17: The competitive Edge
Sometimes you need steering that is more sensitive, such as at lower speeds, to make a vehicle easier to turn or park. When driving faster, smoother and more precise steering makes for comfortable cruising. We’ll see this on the new Edge large SUV for Europe
18: Packing a punch
RevoKnuckle helped turn passenger vehicles into performance cars, by optimising the steering and handling, so the old Focus RS could tear up the racetrack.
19: The missing link
Optimising the suspension means more than simply a comfortable journey.

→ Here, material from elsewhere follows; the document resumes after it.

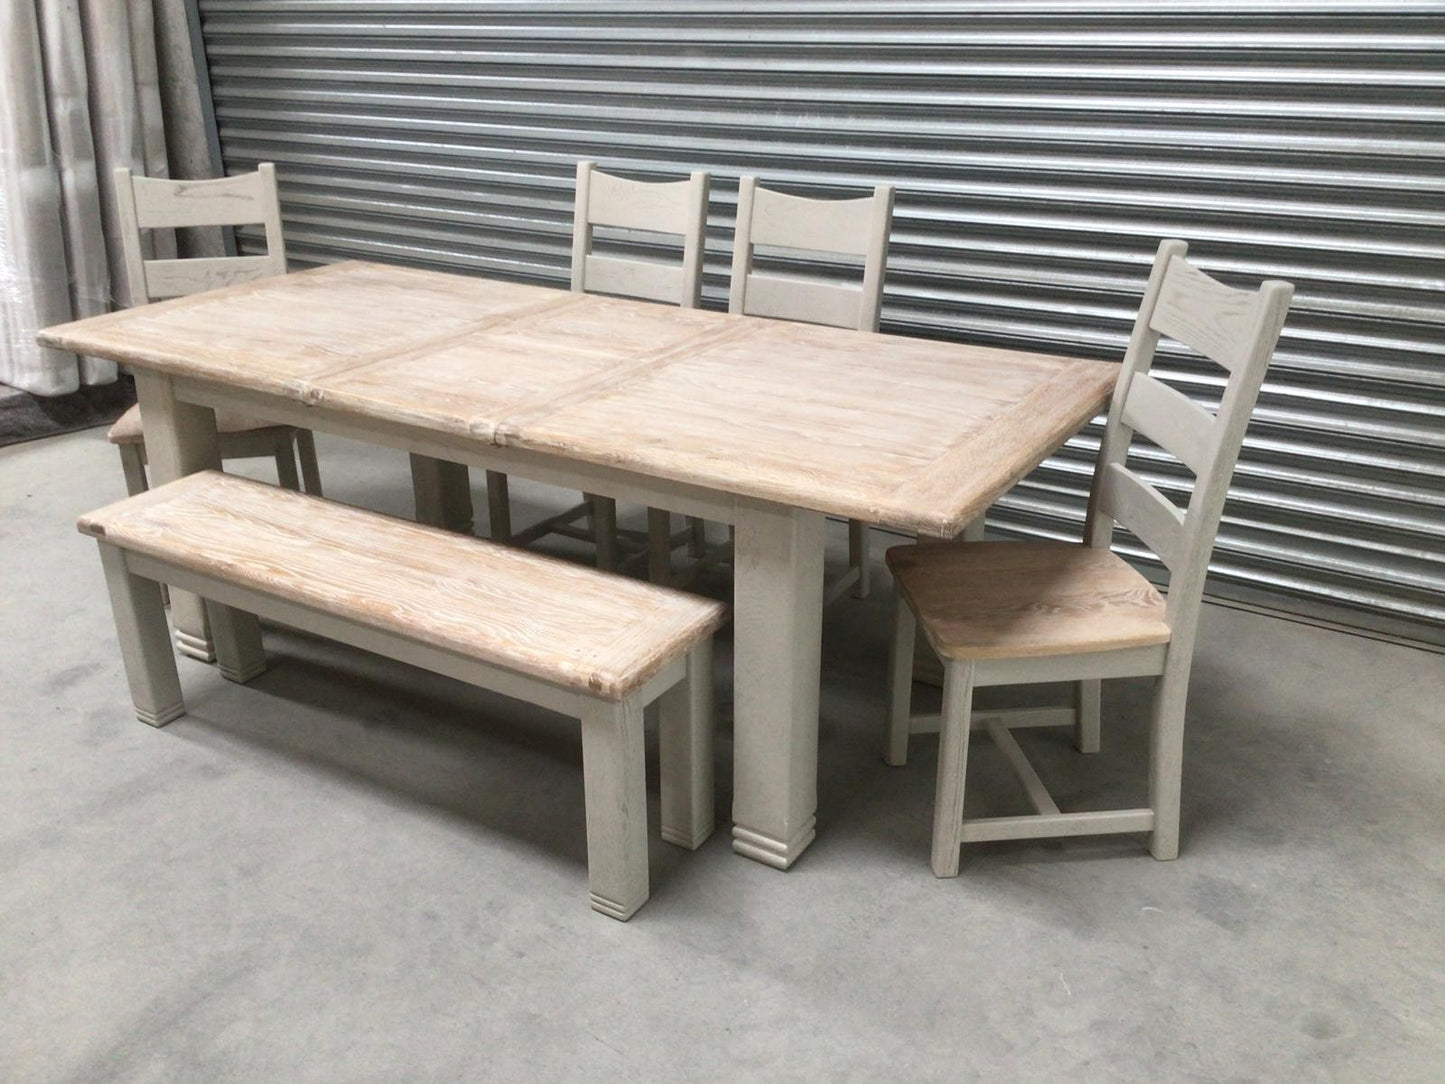 Danube Oak 1.8m Ext Dining Set painted Oyster with a Washed Finish - Ex- Display Model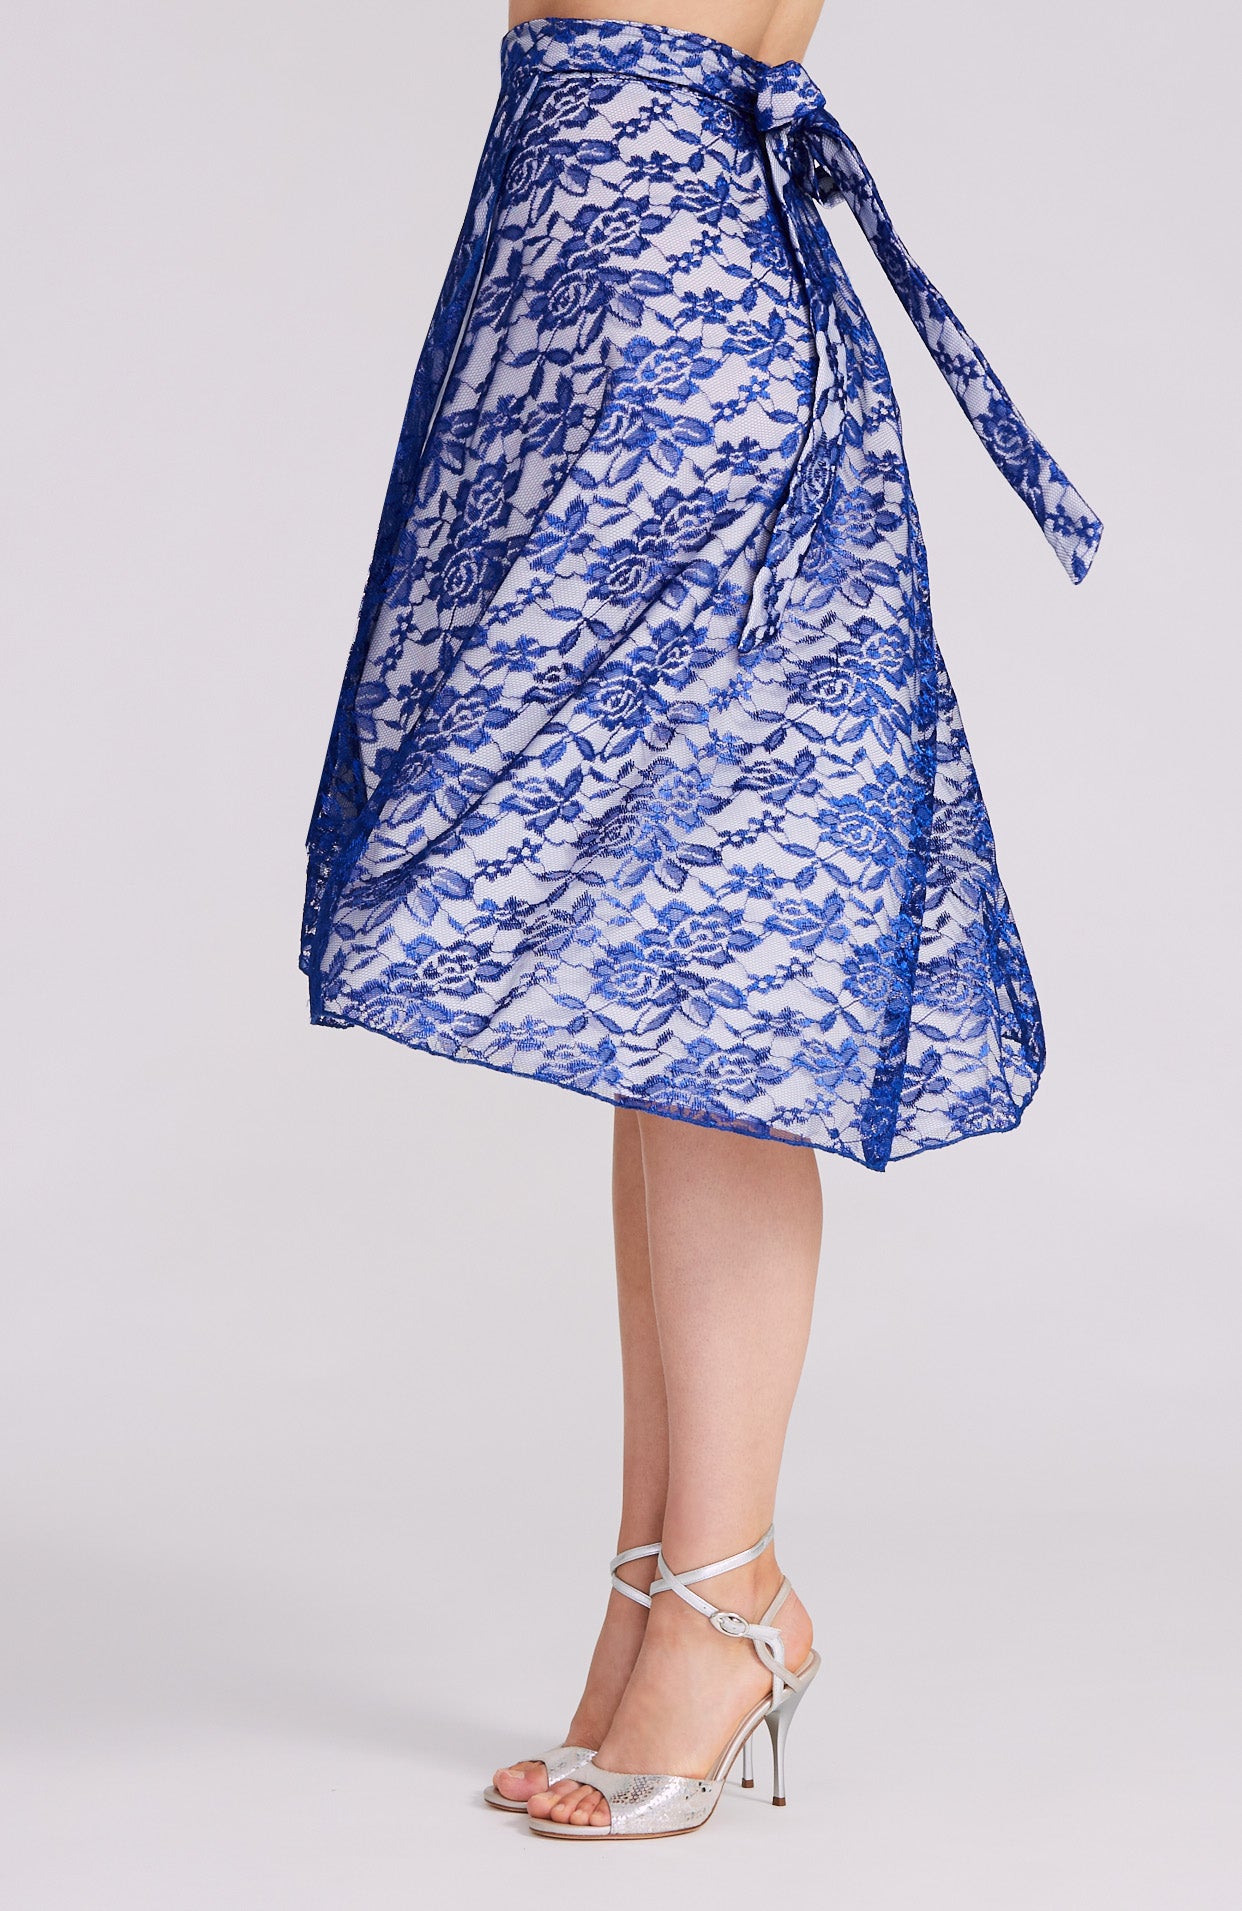 COCO - Wrap Skirt in Royal Blue Lace

For the new Mondeo, the rear integral link suspension also helps deliver a better driving experience, is better able to deal with bumps, and helps reduce noise inside the car
20: Ahead of the curve
We continually collaborate with other manufacturers to explore the capability of car-to-car and car-to-infrastructure communication technology which will be the technical enabler for a new generation of driver assistance and intelligent transport systems. For example, the “Electronic Brake Light” warns instantly the drivers in the cars following behind, by transmitting a wireless signal in case of an emergency braking manoeuvre.